◆ **Exercise aim**
Restate the listing below line for line and word for word, without the pictures.

[Opening Data shown section]

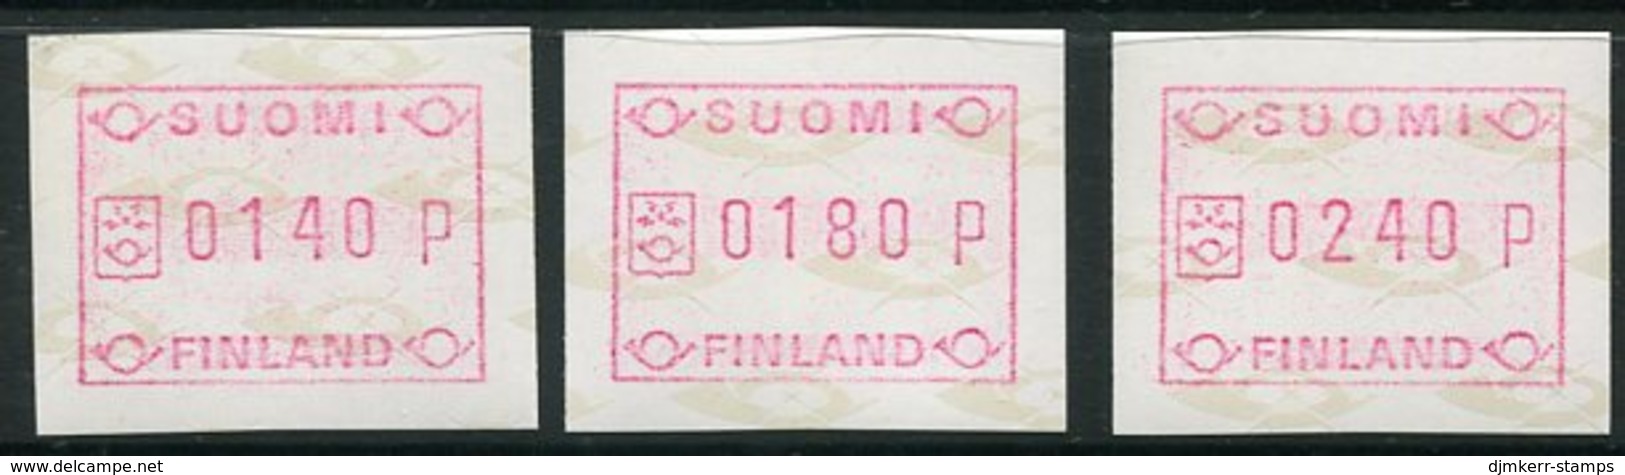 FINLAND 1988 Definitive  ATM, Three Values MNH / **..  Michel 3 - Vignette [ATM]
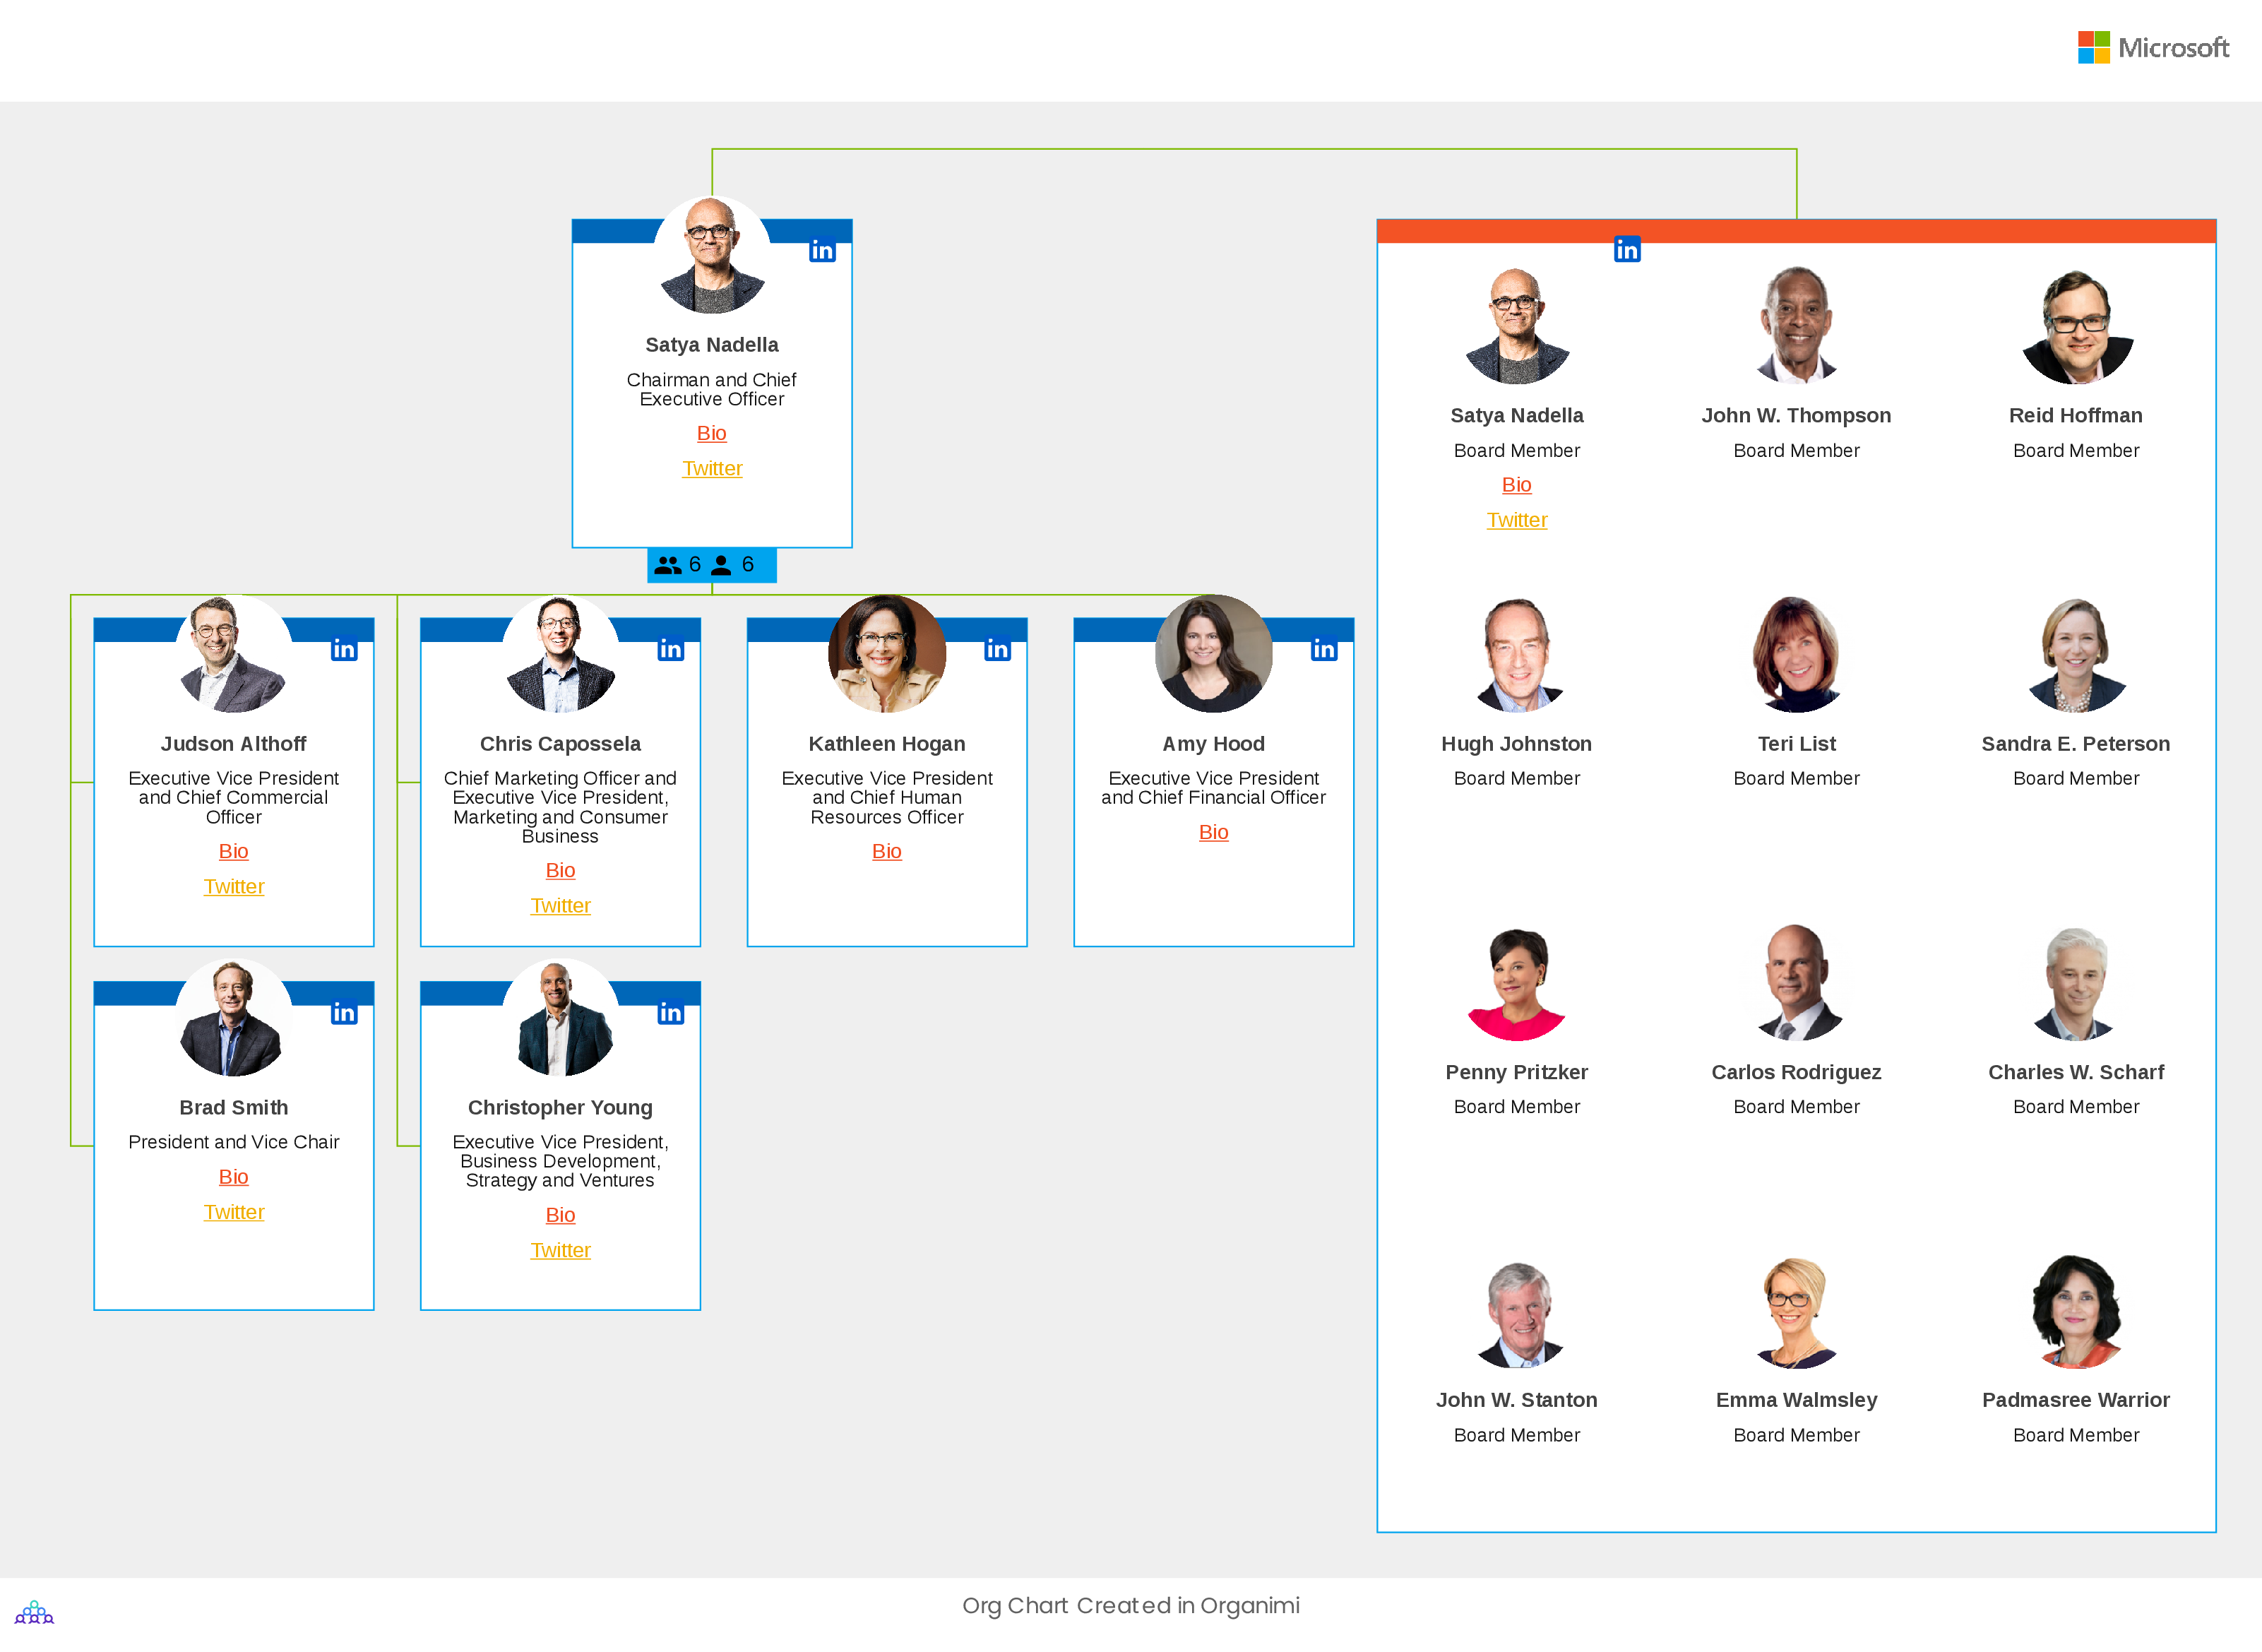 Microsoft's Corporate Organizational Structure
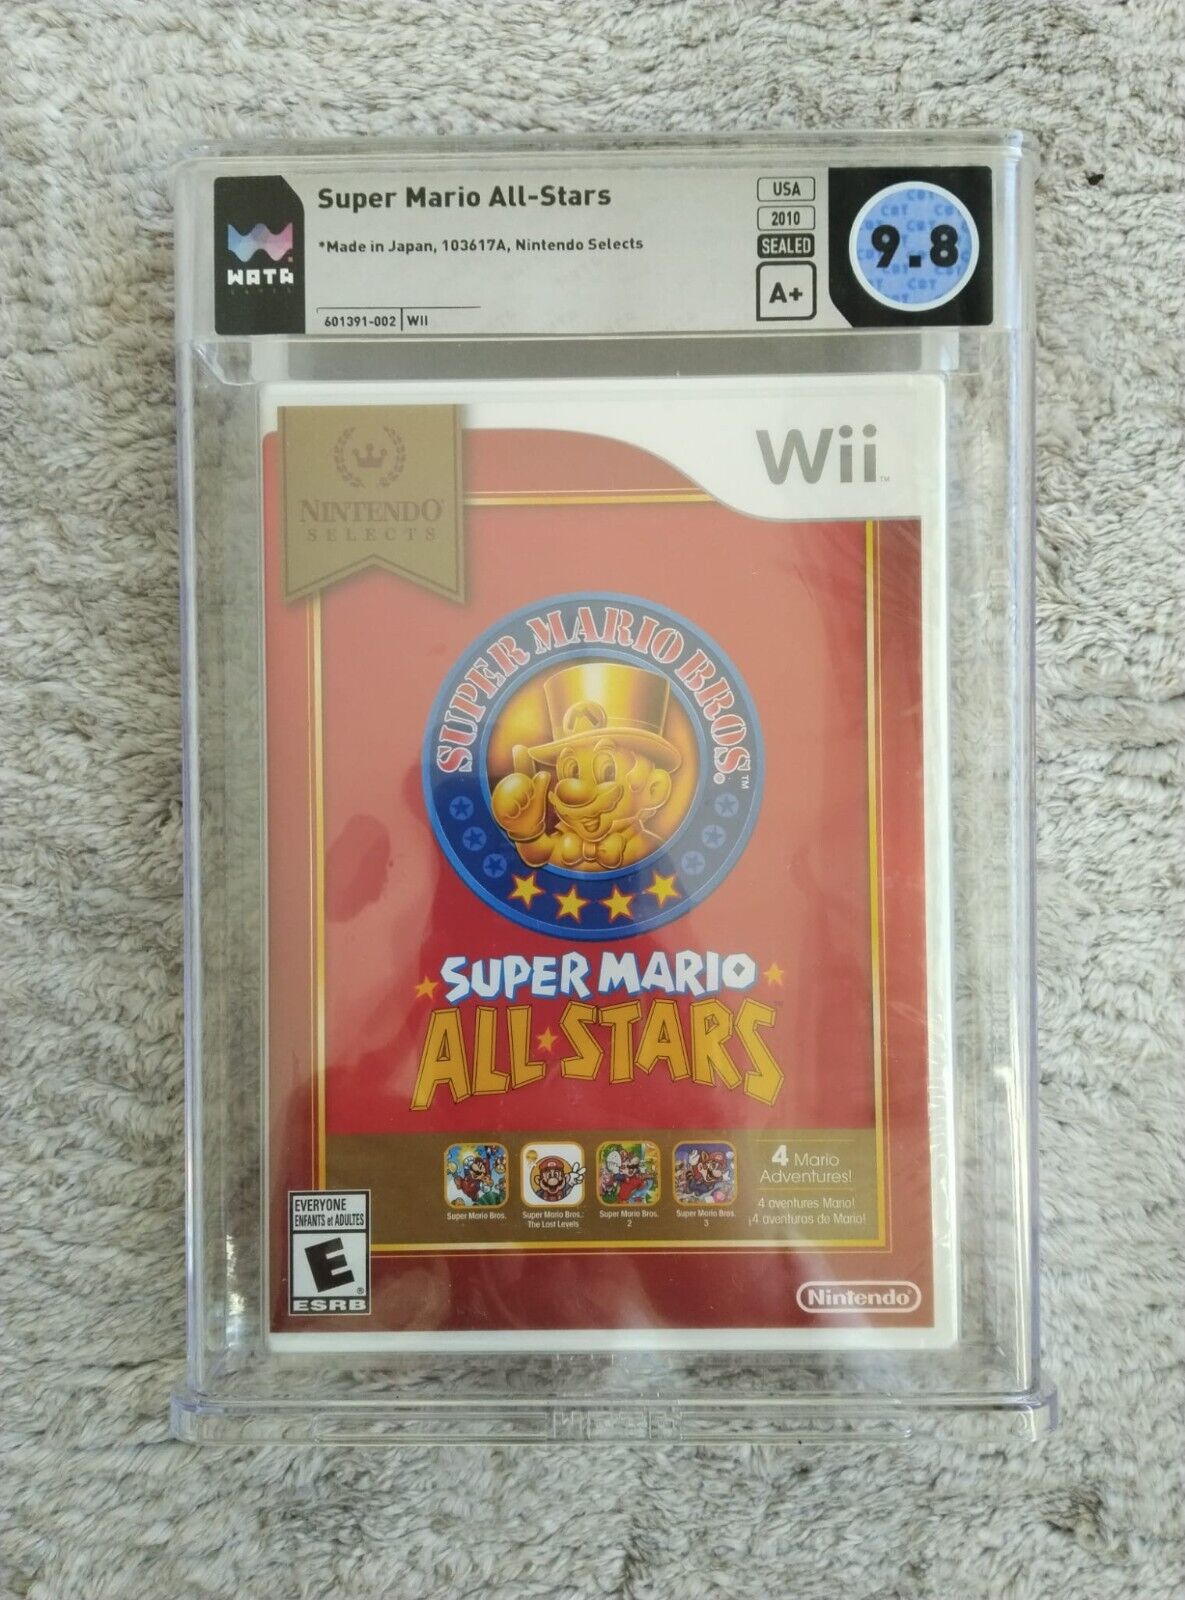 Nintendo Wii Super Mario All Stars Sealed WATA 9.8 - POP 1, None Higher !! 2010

[Closing Data shown section]

◆ **Result of this exercise**
 FINLAND 1988 Definitive  ATM, Three Values MNH / **..  Michel 3 - Vignette [ATM]
 Microsoft's Corporate Organizational Structure
 Nintendo Wii Super Mario All Stars Sealed WATA 9.8 - POP 1, None Higher !! 2010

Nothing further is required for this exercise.